Exercise instructions
Leave every picture out and return the rest of the listing verbatim.

Dataset content
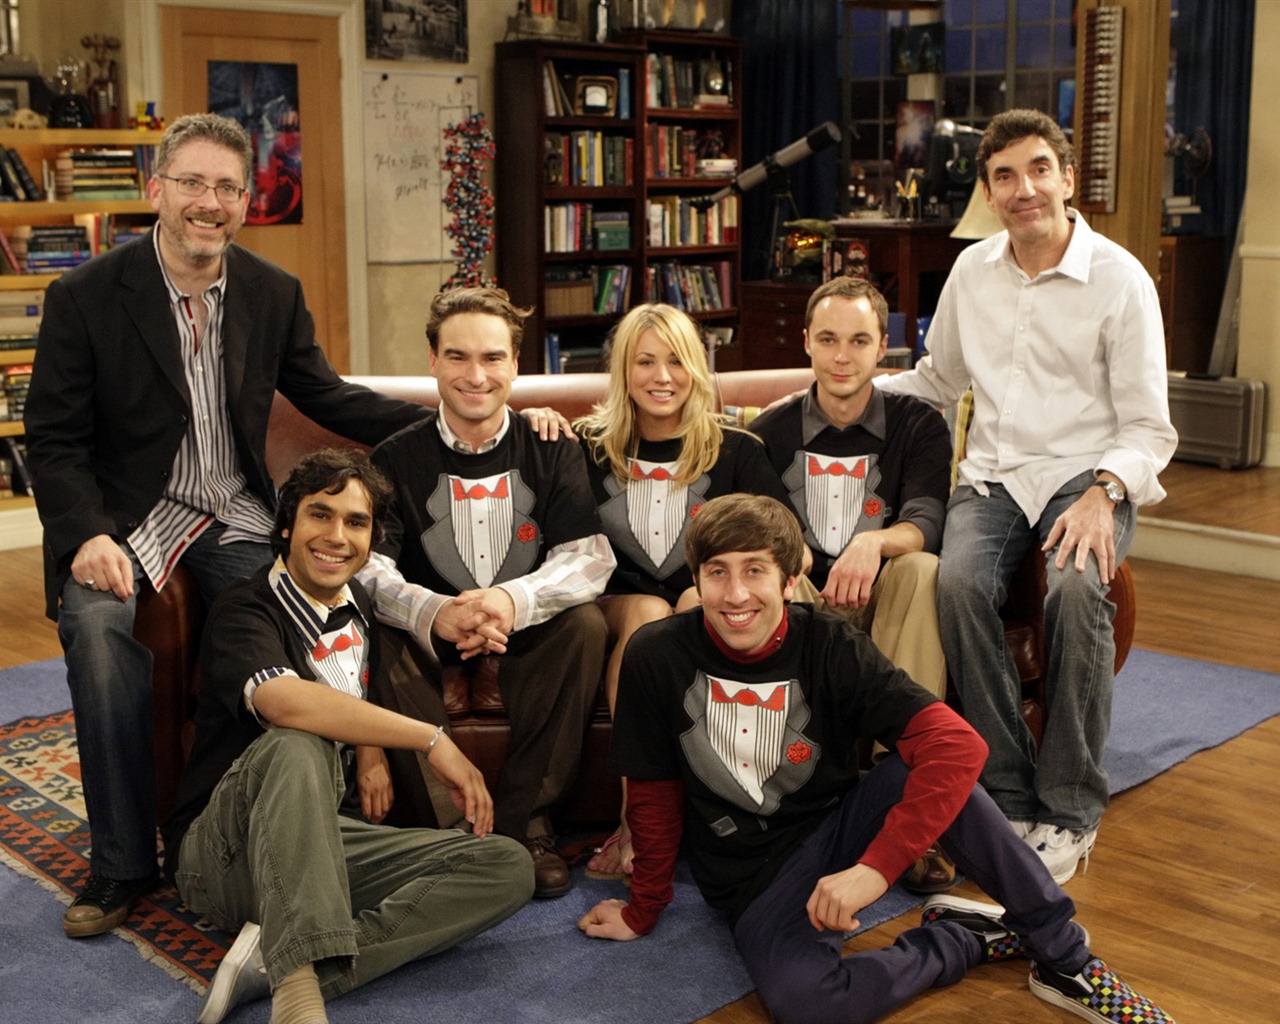 The Big Bang Theory 生活大爆炸 电视剧高清壁纸20 - 1280x1024
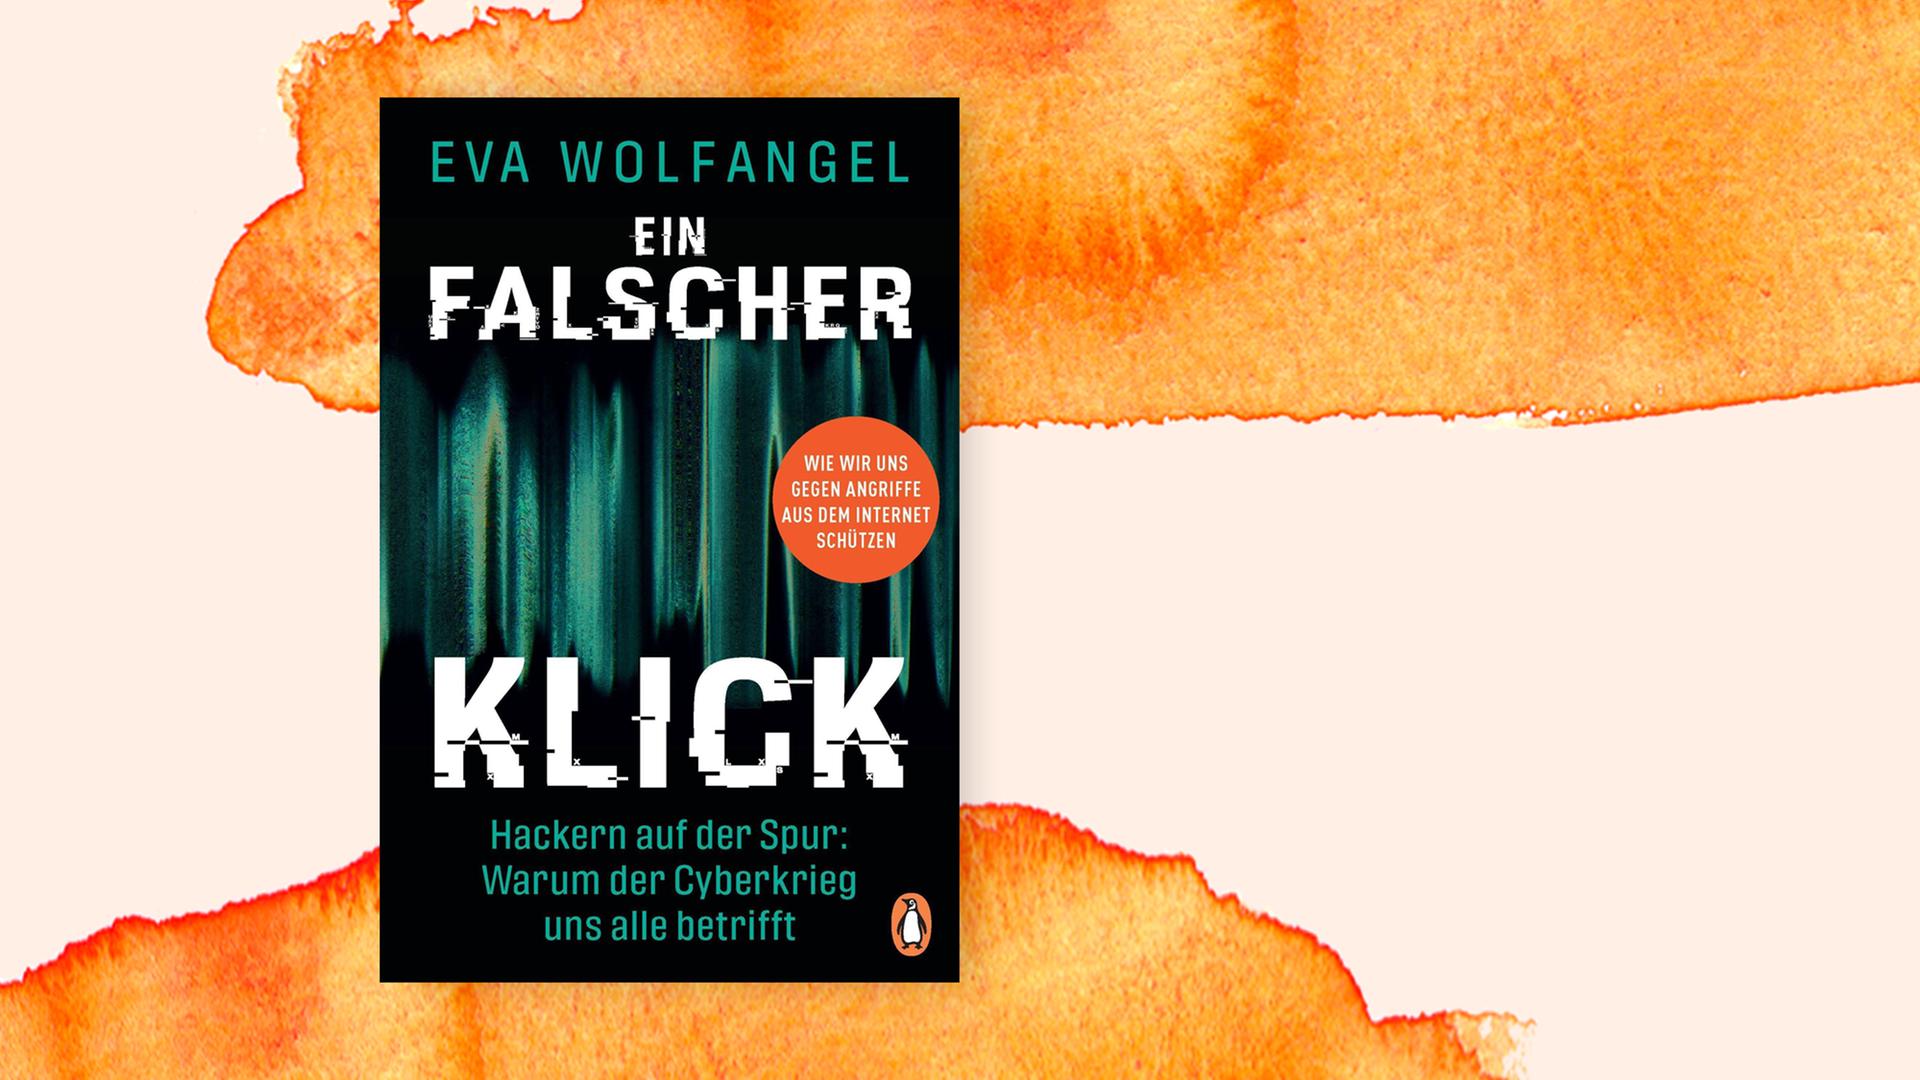 Cover des Buches "Ein falscher Klick" von Eva Wolfangel. Die Grundfarbe des Covers ist Schwarz, darauf grüne, senkrechte Spuren, die an Nordlichter erinnern und vermutlich die Bewegungen im Netz visualisieren sollen. 
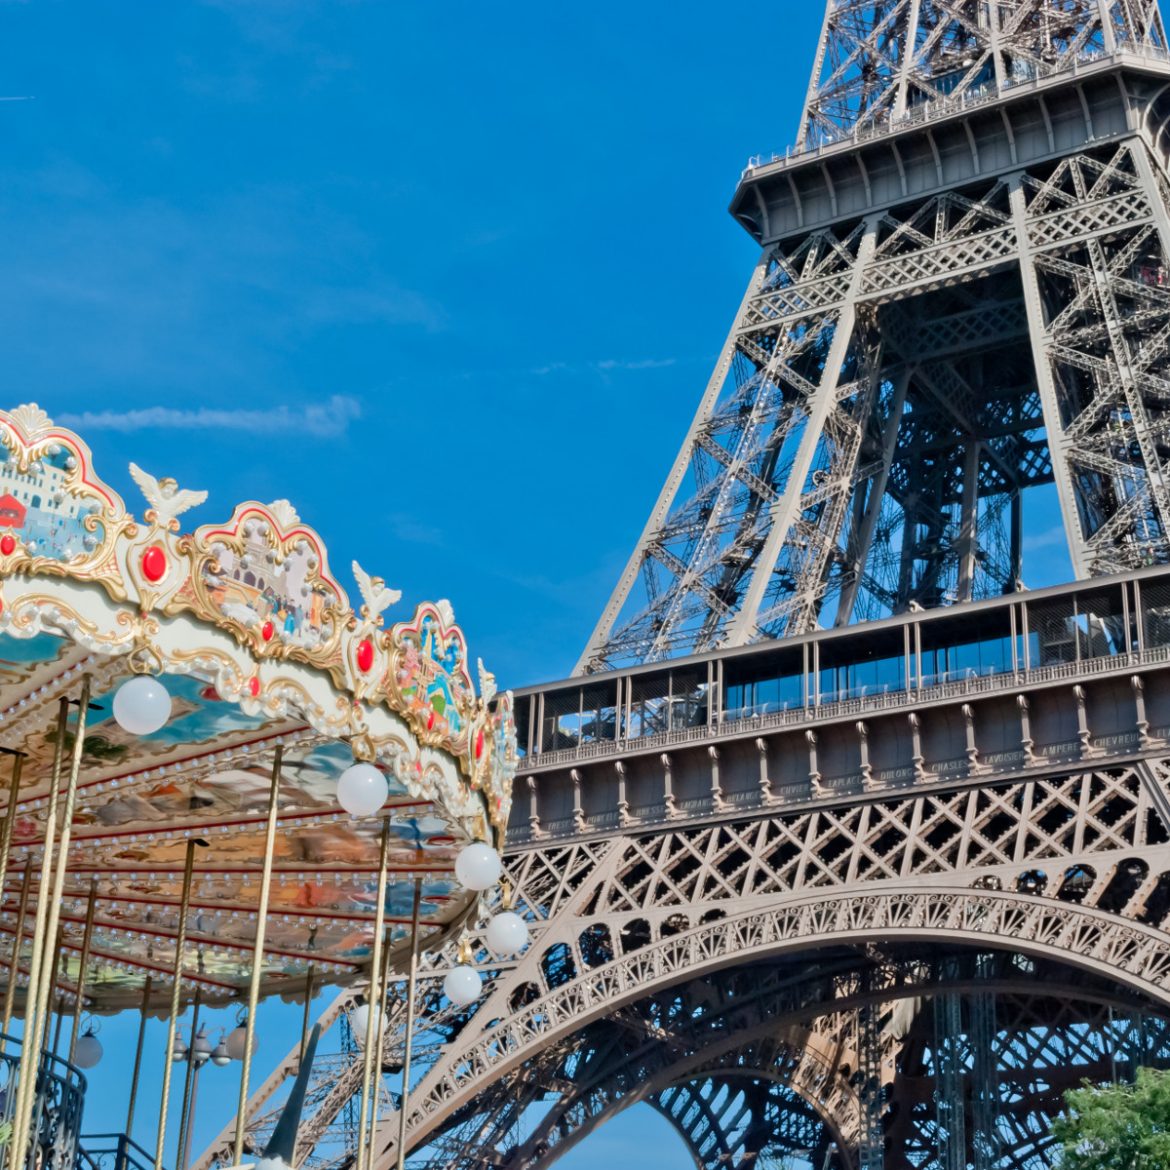 Tower Eiffel in Paris

Result for this exercise
 The Big Bang Theory 生活大爆炸 电视剧高清壁纸20 - 1280x1024
 Cover des Buches "Ein falscher Klick" von Eva Wolfangel. Die Grundfarbe des Covers ist Schwarz, darauf grüne, senkrechte Spuren, die an Nordlichter erinnern und vermutlich die Bewegungen im Netz visualisieren sollen. 
 Tower Eiffel in Paris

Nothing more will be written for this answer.